Abstract
An arteriovenous fistula (AVF) remains the preferred access for providing maintenance hemodialysis therapy. An AVF is commonly created in the forearm or the upper arm using native vessels, and it generally matures over a 2–3-month period. A dysfunctional AVF due to primary maturation failure is a common problem encountered in clinical practice. The skills needed to perform a thorough and accurate physical examination of an AVF can be easily learned by everyone involved in the care of a dialysis patient. A thrill is produced because of the turbulence generated by the high-pressure arterial blood flowing across the anastomosis into a low-pressure thin-walled vein. A faint thrill is an indicator of pathology in the inflow segment of the AVF, and the algorithm to identify the abnormality within the dialysis access circuit is discussed here.

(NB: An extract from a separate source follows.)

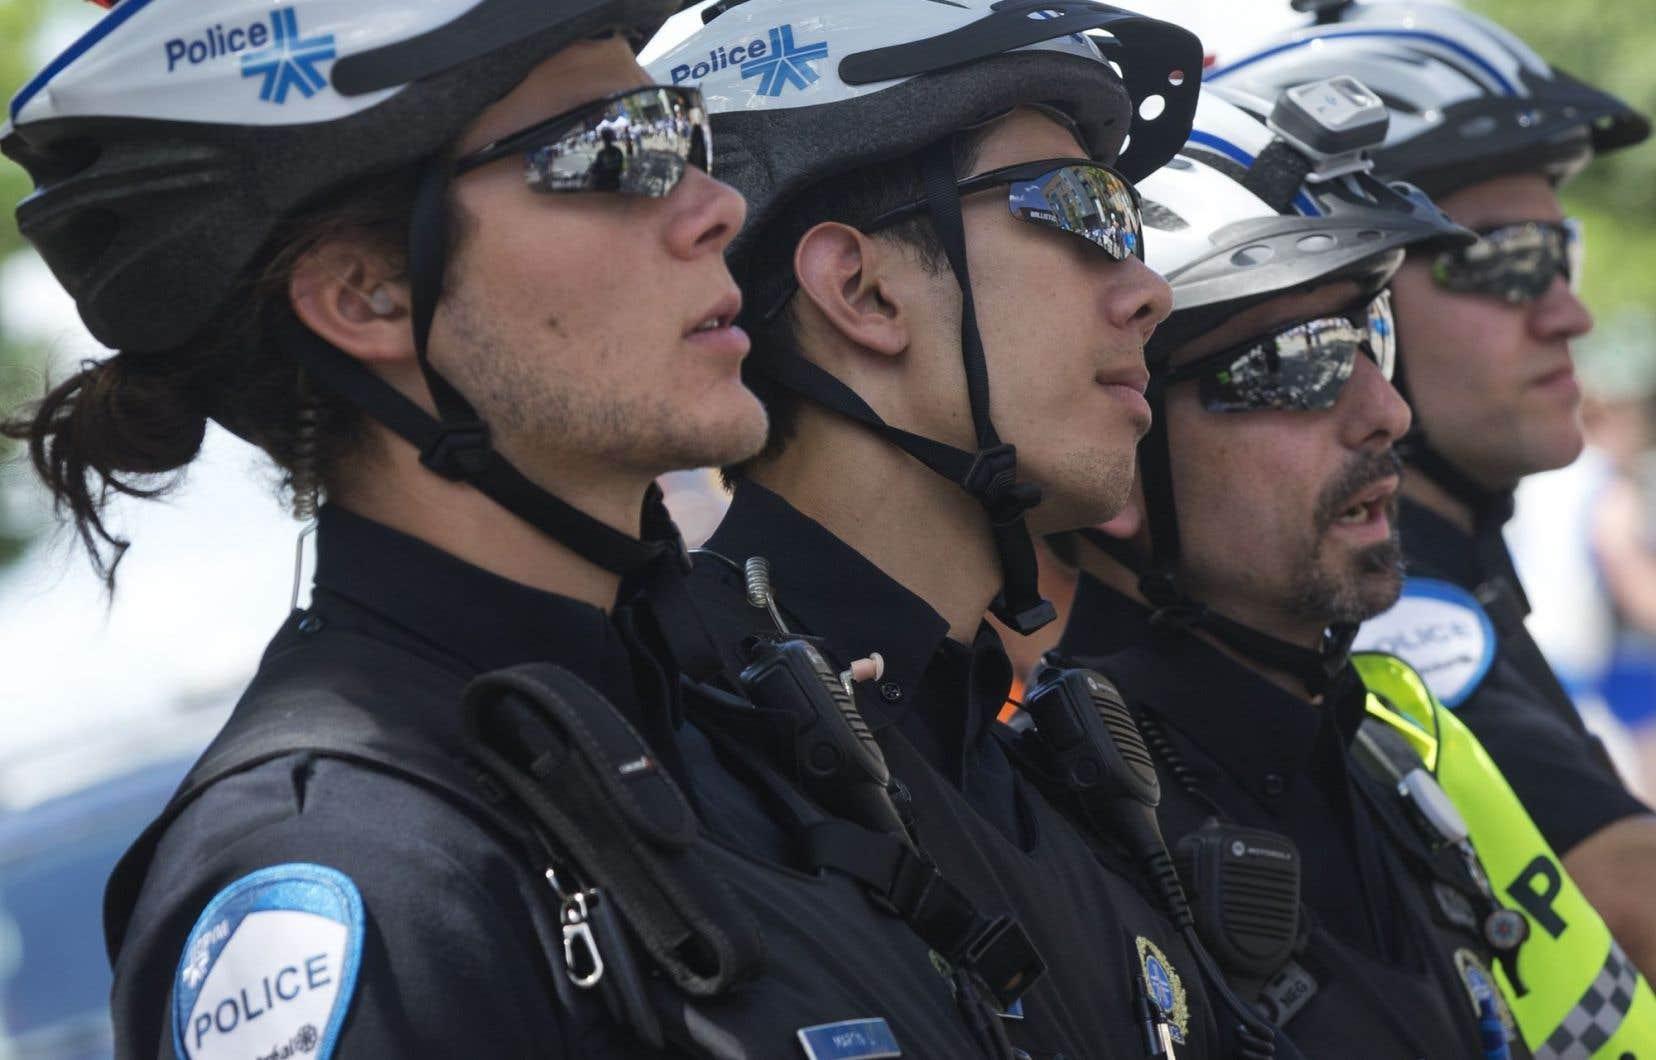 Depuis l'annonce d'une entente de principe, le 24juin, les policiers de la métropole ont revêtu leur uniforme réglementaire.

Access provided by Autonomous University of Puebla. Download chapter PDF
Similar content being viewed by others
Keywords
These keywords were added by machine and not by the authors. This process is experimental and the keywords may be updated as the learning algorithm improves.
A well-functioning dialysis vascular access is crucial for providing adequate hemodialysis treatment. Arteriovenous fistula (AVF) remains the preferred vascular access among all the other available options, which include arteriovenous graft (AVG), central venous catheters (CVC), or a hybrid access (combination of AVF-AVG or AVG-CVC). Low incidence of infections and thrombosis and lower maintenance costs are the primary reasons to prefer AVF over other vascular access types [1–4]. Once the initial challenge to attain a mature and functional AVF is overcome, maintaining its patency is relatively easy as compared to AVG.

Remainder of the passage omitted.